All Products
Search
Document Center

Platform For AI:Regression Model Evaluation

Last Updated:Mar 05, 2025

Regression Model Evaluation refers to the process of quantifying the performance of a model by comparing its predicted results with the actual outcomes, using regression metrics such as Mean Squared Error, Mean Absolute Error, and R-squared. During the evaluation process, visual tools like residual histograms are often generated to analyze the distribution characteristics of the prediction errors, helping to identify potential areas for model improvement. This process ensures that the model possesses good predictive ability and stability.

Configure the component

Method 1: Configure the component on the pipeline page

Add a Regression Model Evaluation component on the pipeline page and configure the following parameters:

Category

Parameter

Description

Fields Setting

Original Regression Value

The actual observed values of the target variable in the dataset, used to evaluate the predictive performance of the regression model and serve as a basis for comparison.

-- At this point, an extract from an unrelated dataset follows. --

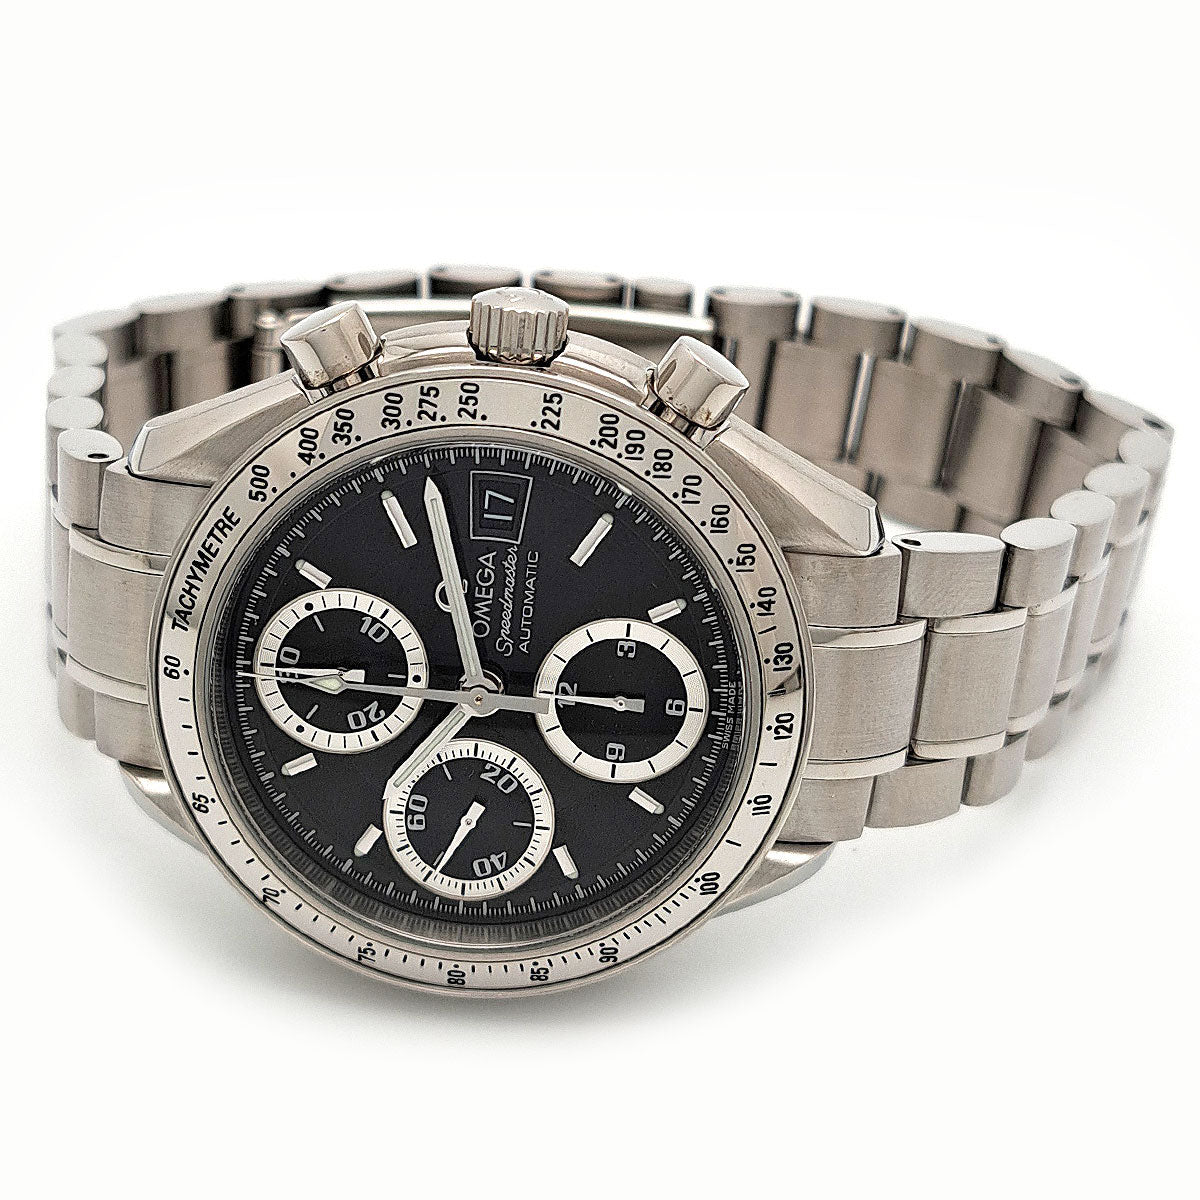 Automatic Speedmaster Wrist Watch 3513.56
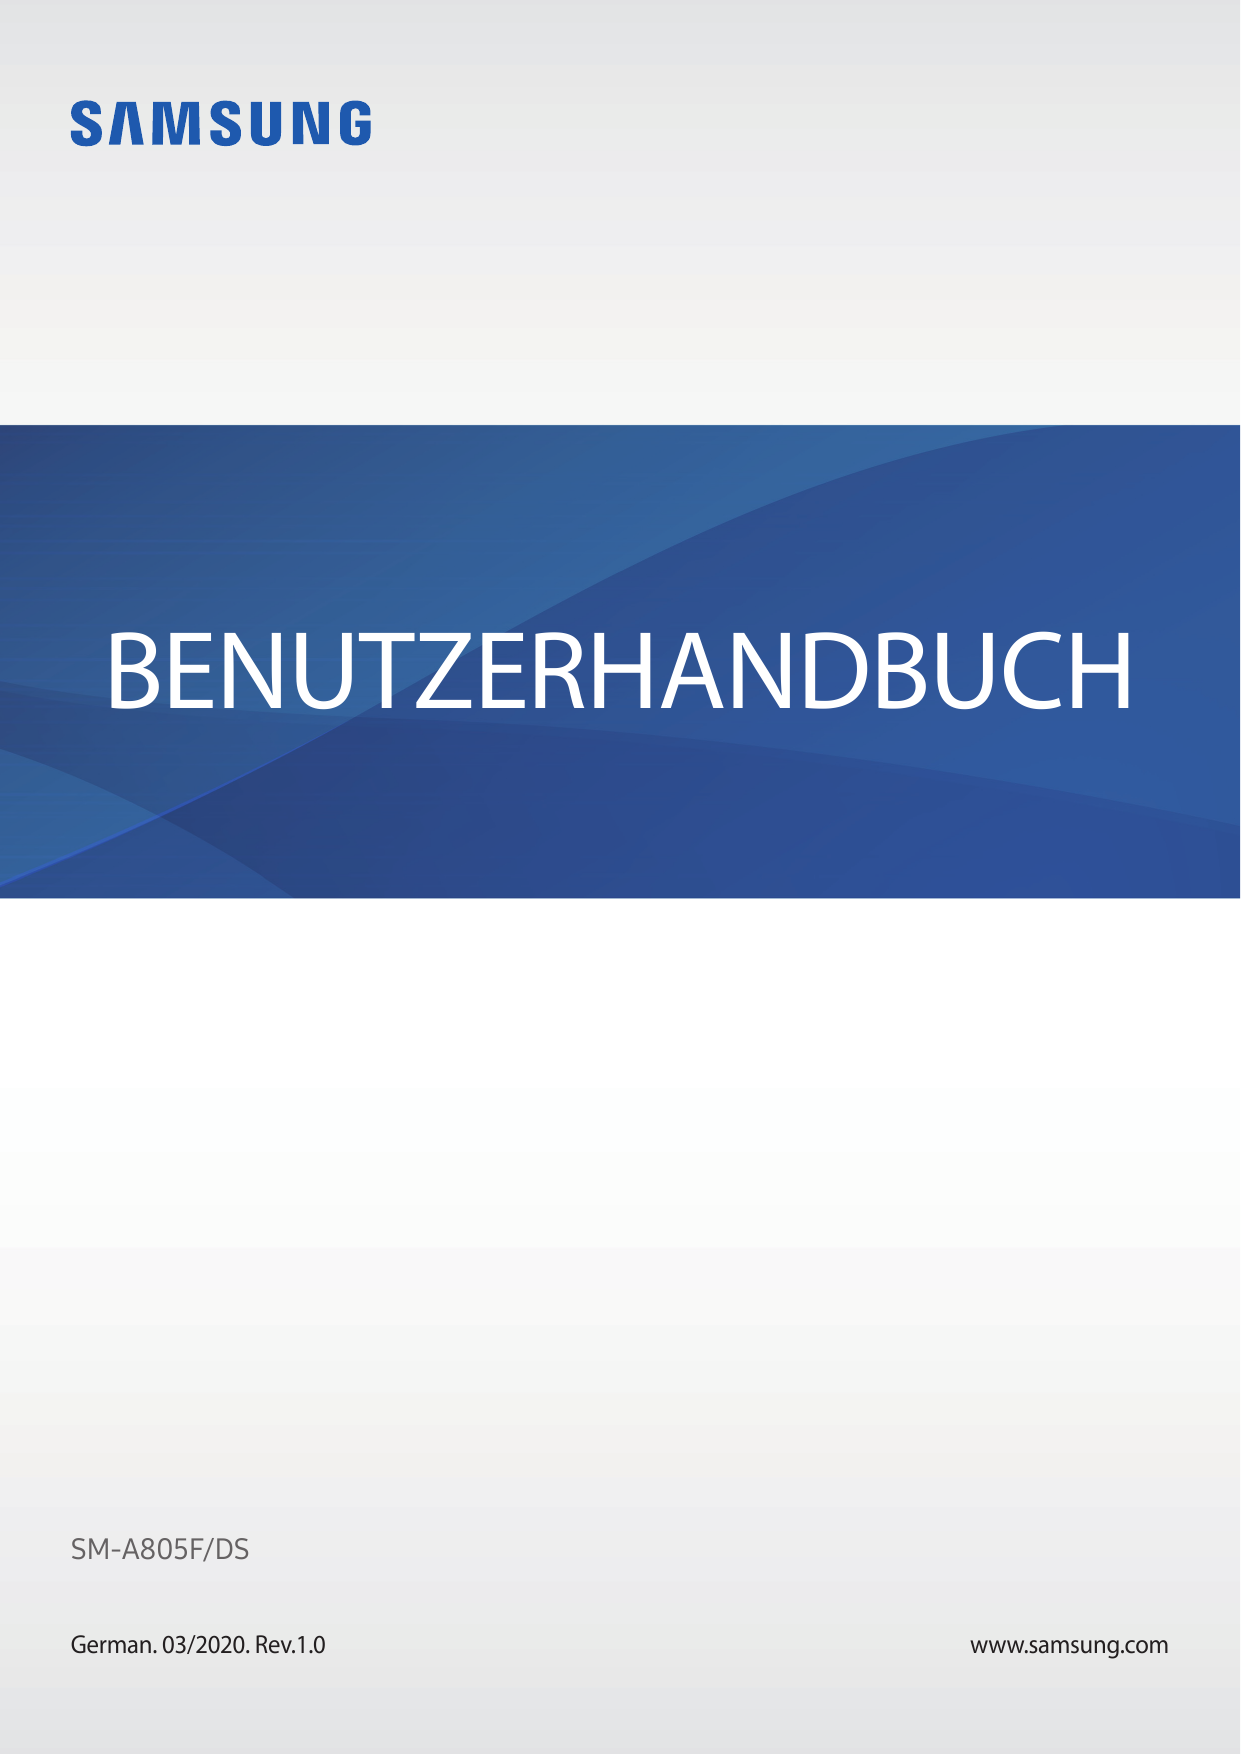 BENUTZERHANDBUCHSM-A805F/DSGerman. 03/2020. Rev.1.0www.samsung.com

Predicted Regression Value

The estimated values of the target variable obtained through the regression model. The predicted values are generated by the model based on the input features.

Tuning

Worker number

For information about how to configure the number of workers and their memory, see Appendix: How to estimate resource usage.

Memory Size per Node

Method 2: Use PAI commands

Configure the component parameters by using PAI commands. You can use the SQL Script component to call PAI commands. For more information, see SQL Script.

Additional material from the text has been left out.